━━ GIVEN MATERIAL ━━
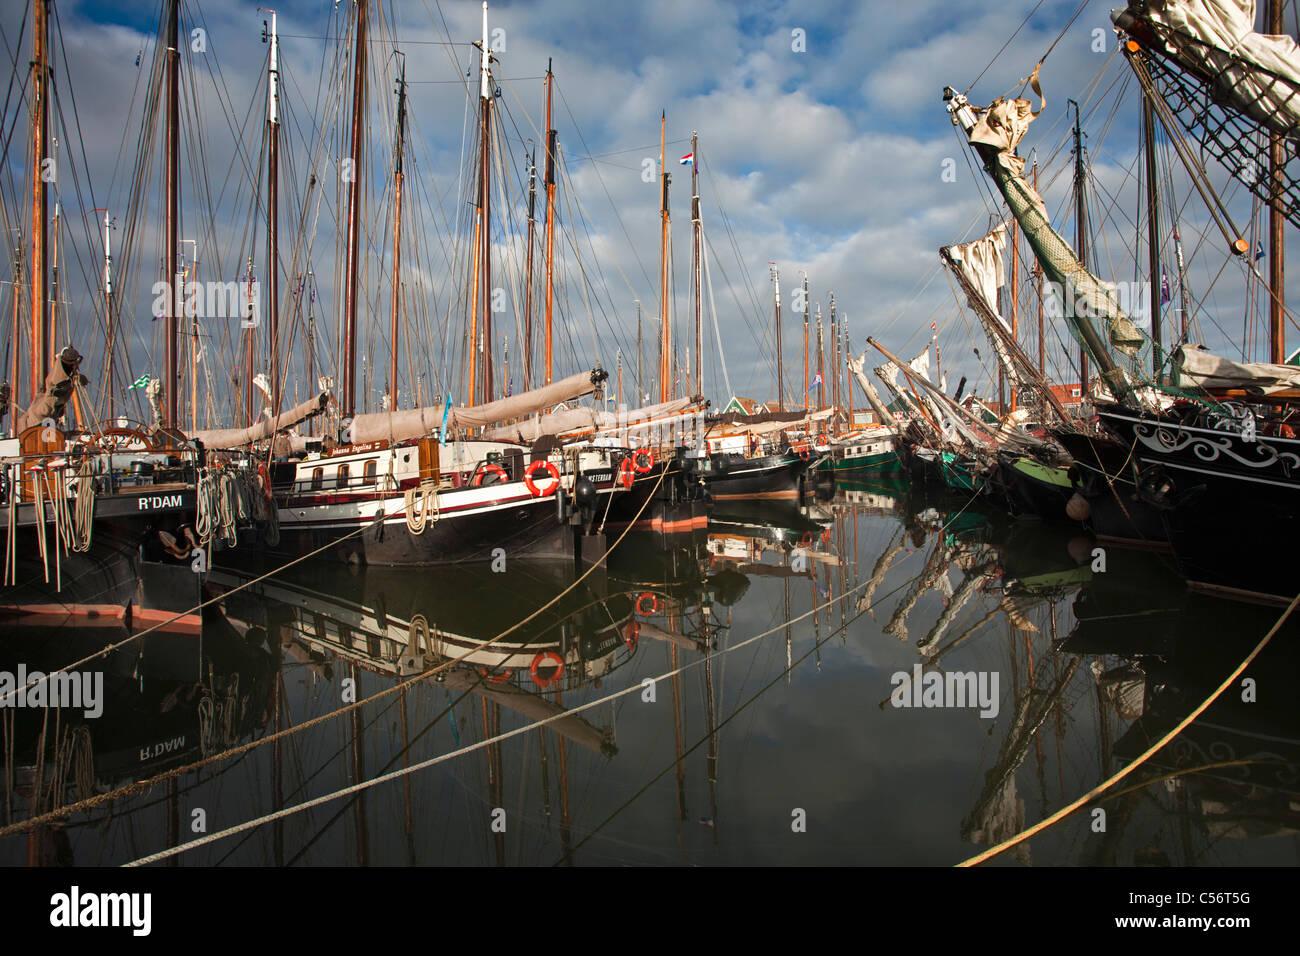 Los Países Bajos, Volendam, tradicionales barcos de vela en el puerto. Imagen De Stock
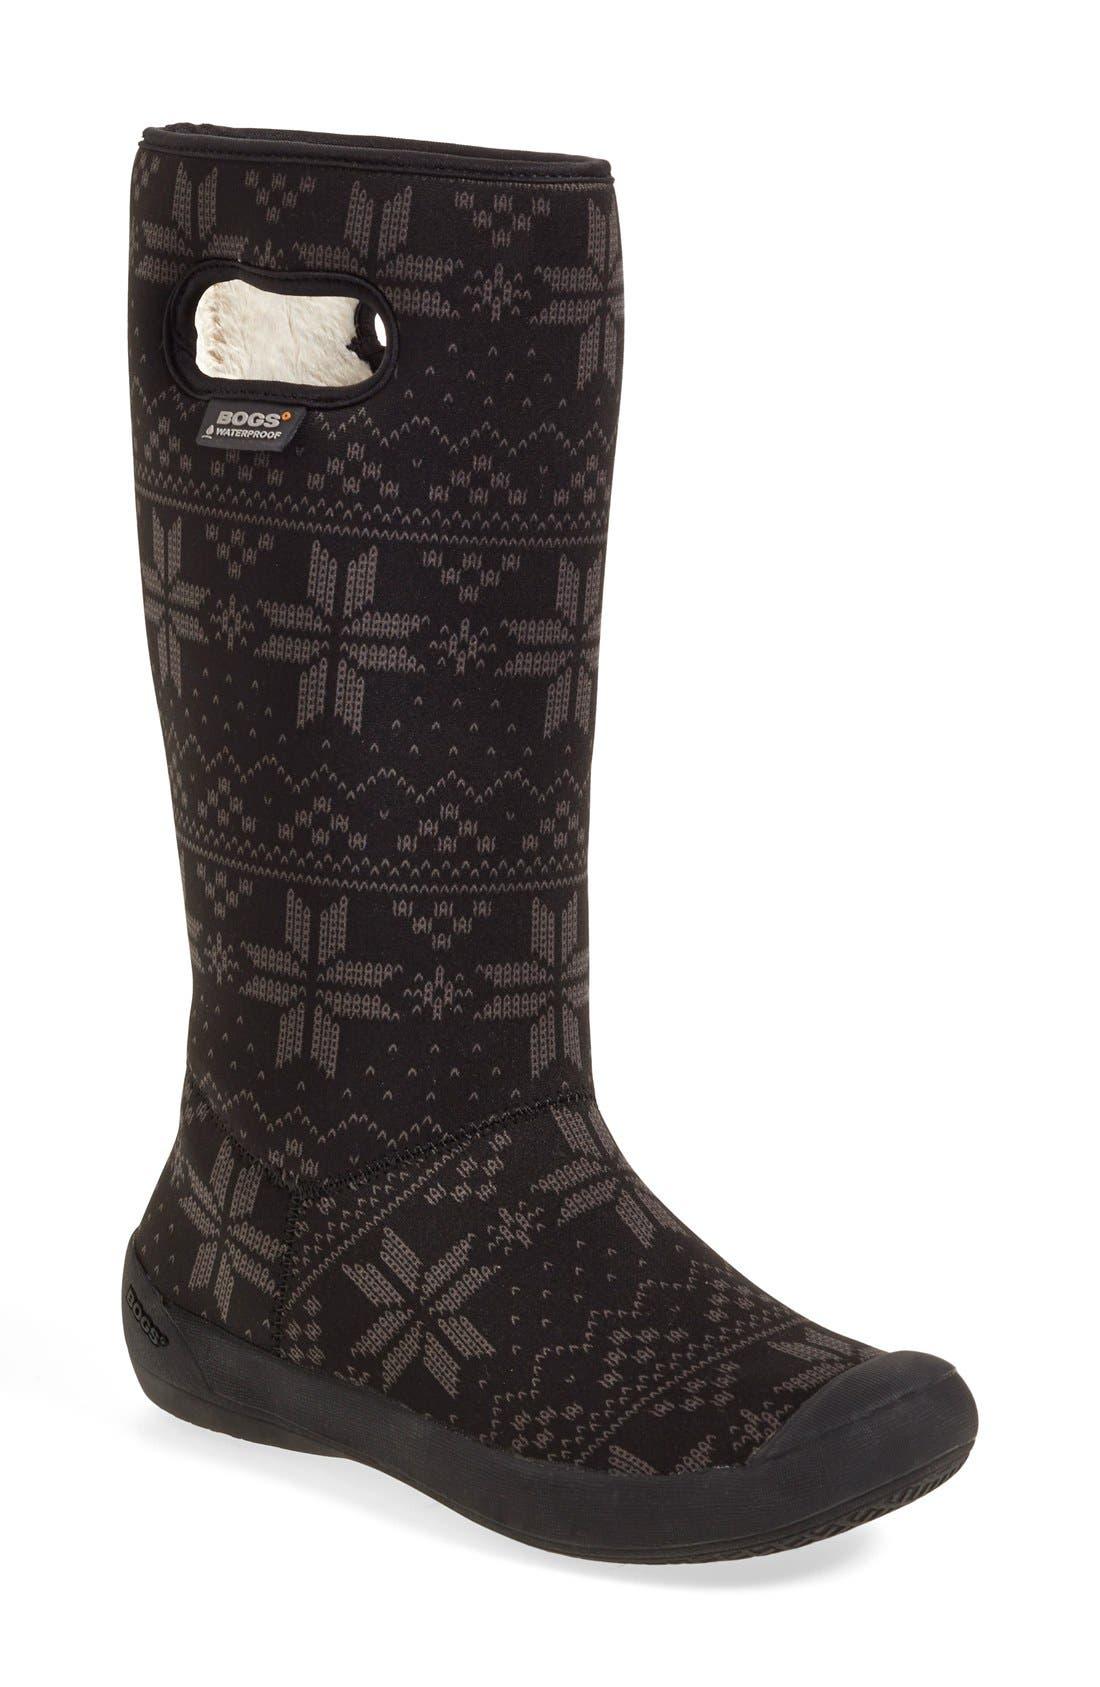 Main Image - Bogs 'Summit - Sweater' Waterproof Boot (Women)
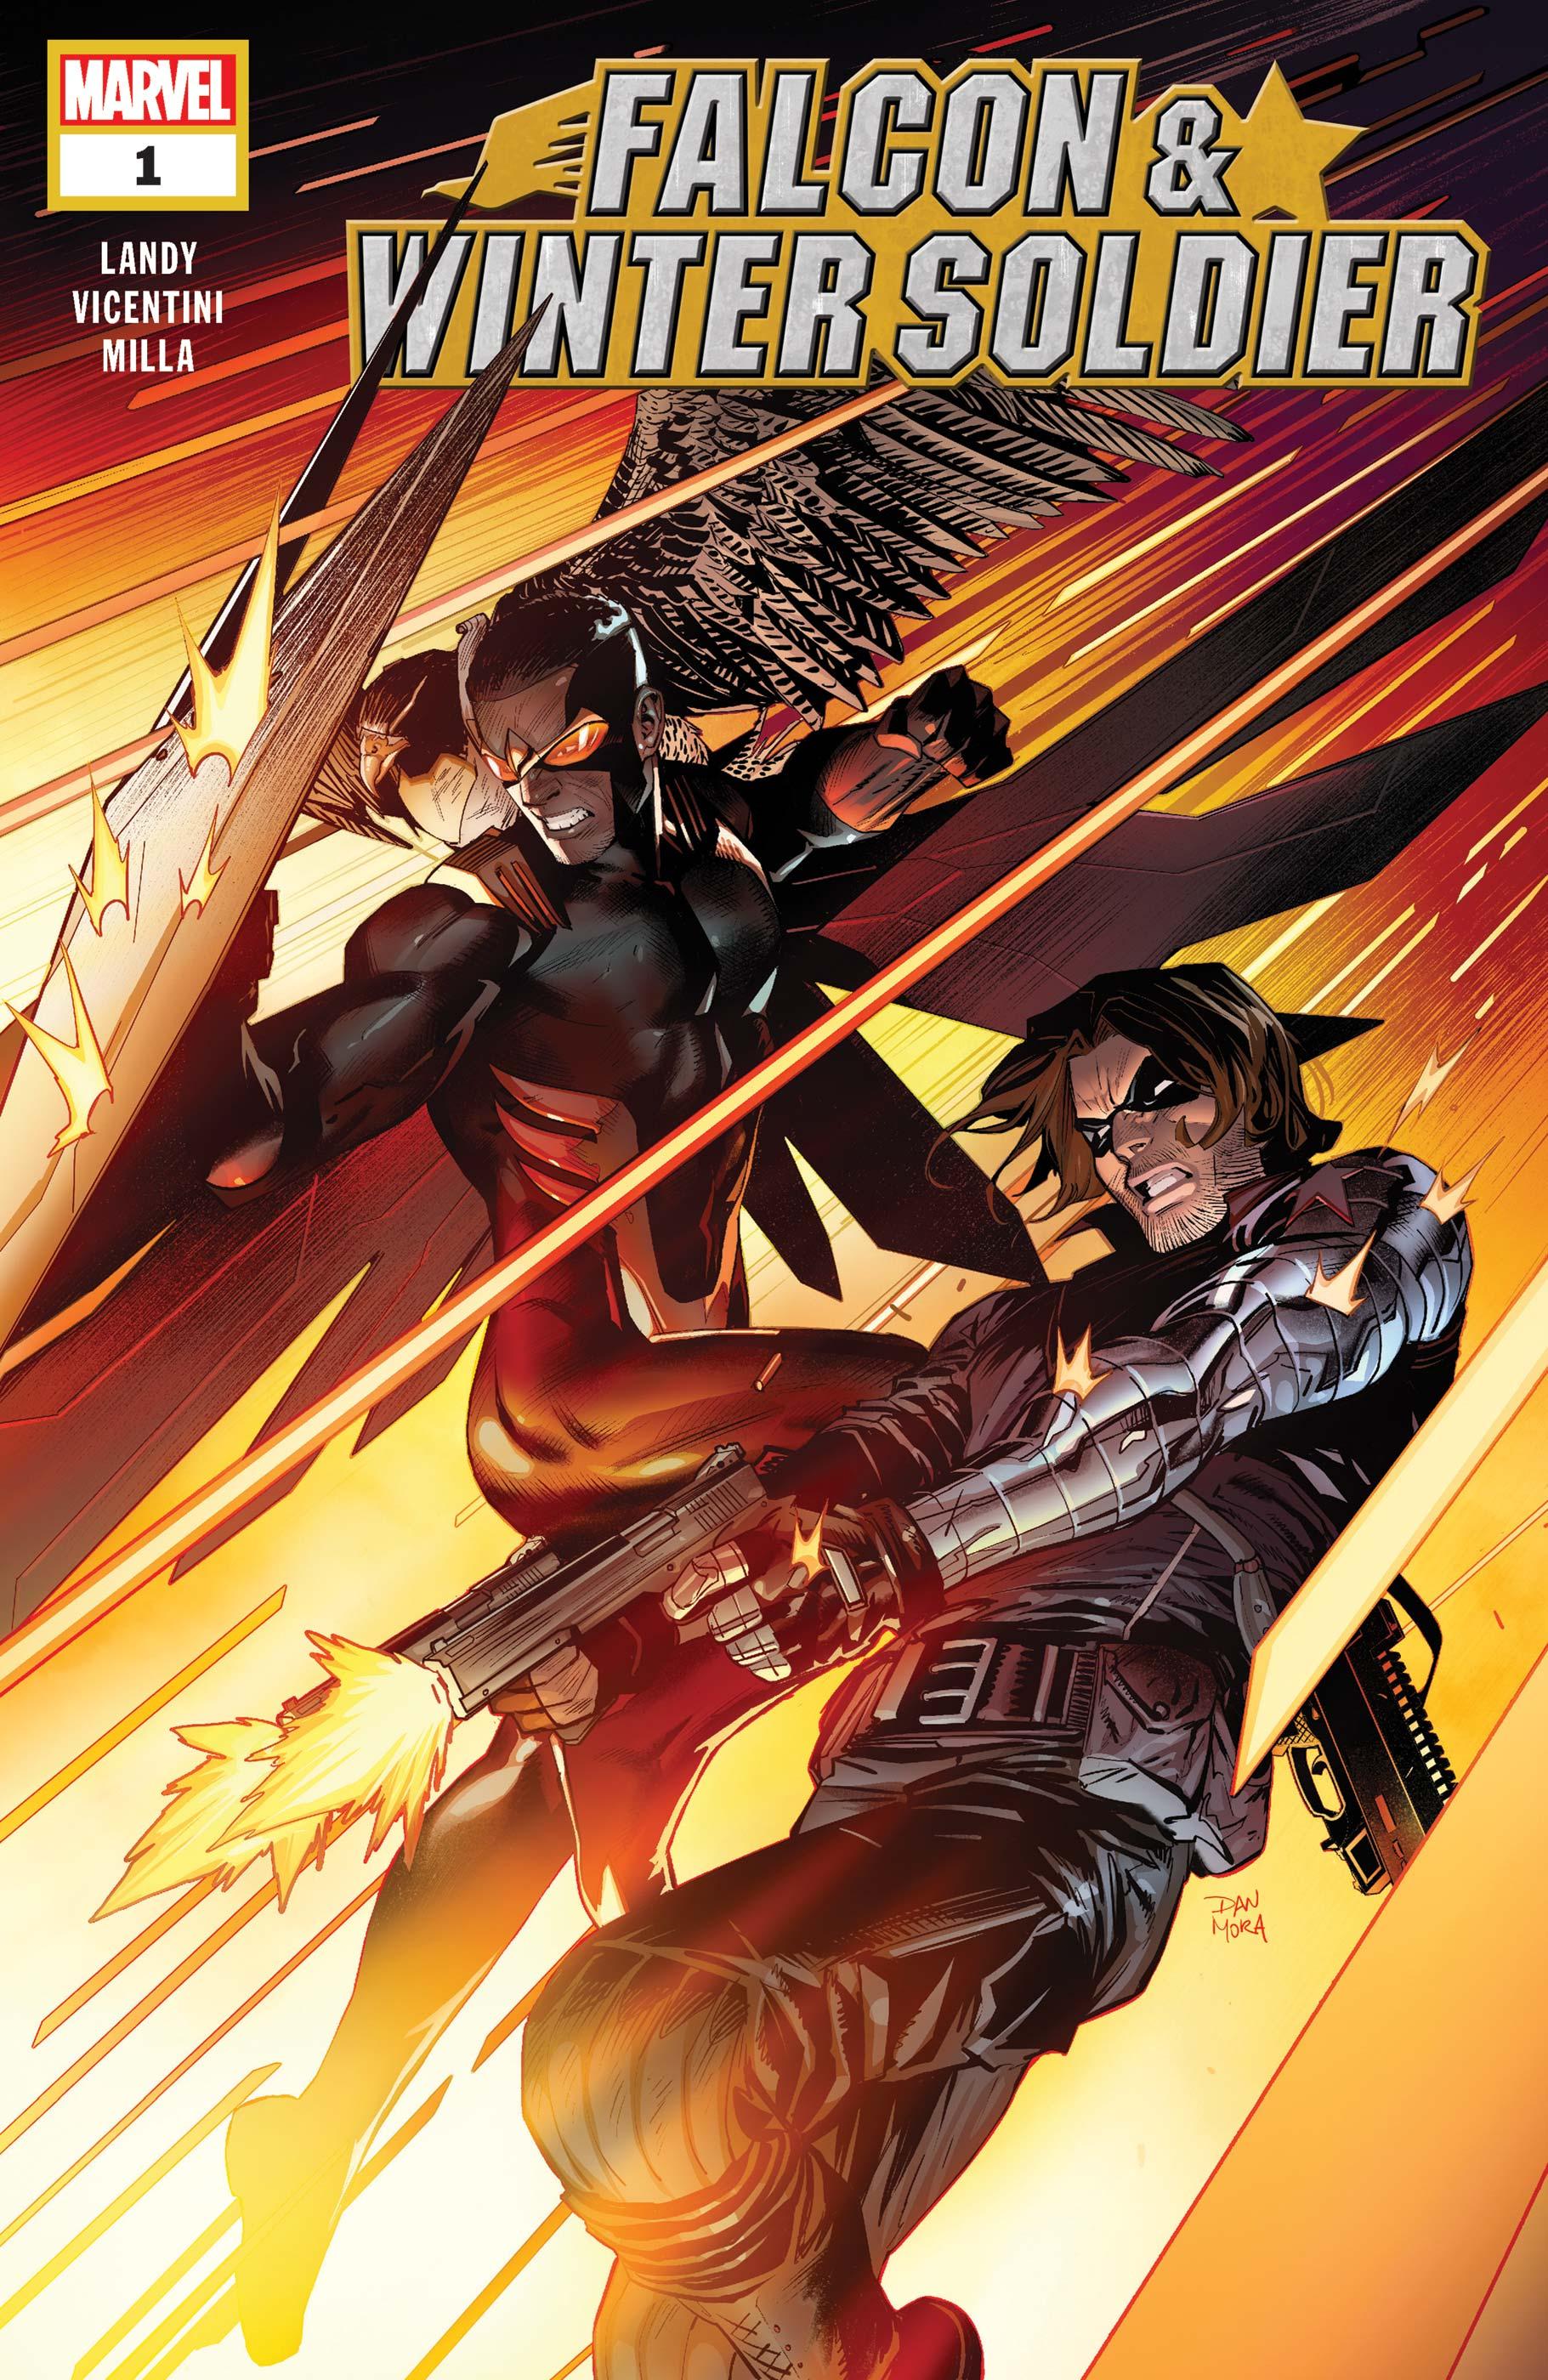 Falcon & Winter Soldier (2020) #1
━━━
If the material above contains pictures, exclude them from an otherwise exact transcription.

PROBLEM SOLUTION:
 Los Países Bajos, Volendam, tradicionales barcos de vela en el puerto. Imagen De Stock
 Main Image - Bogs 'Summit - Sweater' Waterproof Boot (Women)
 Falcon & Winter Soldier (2020) #1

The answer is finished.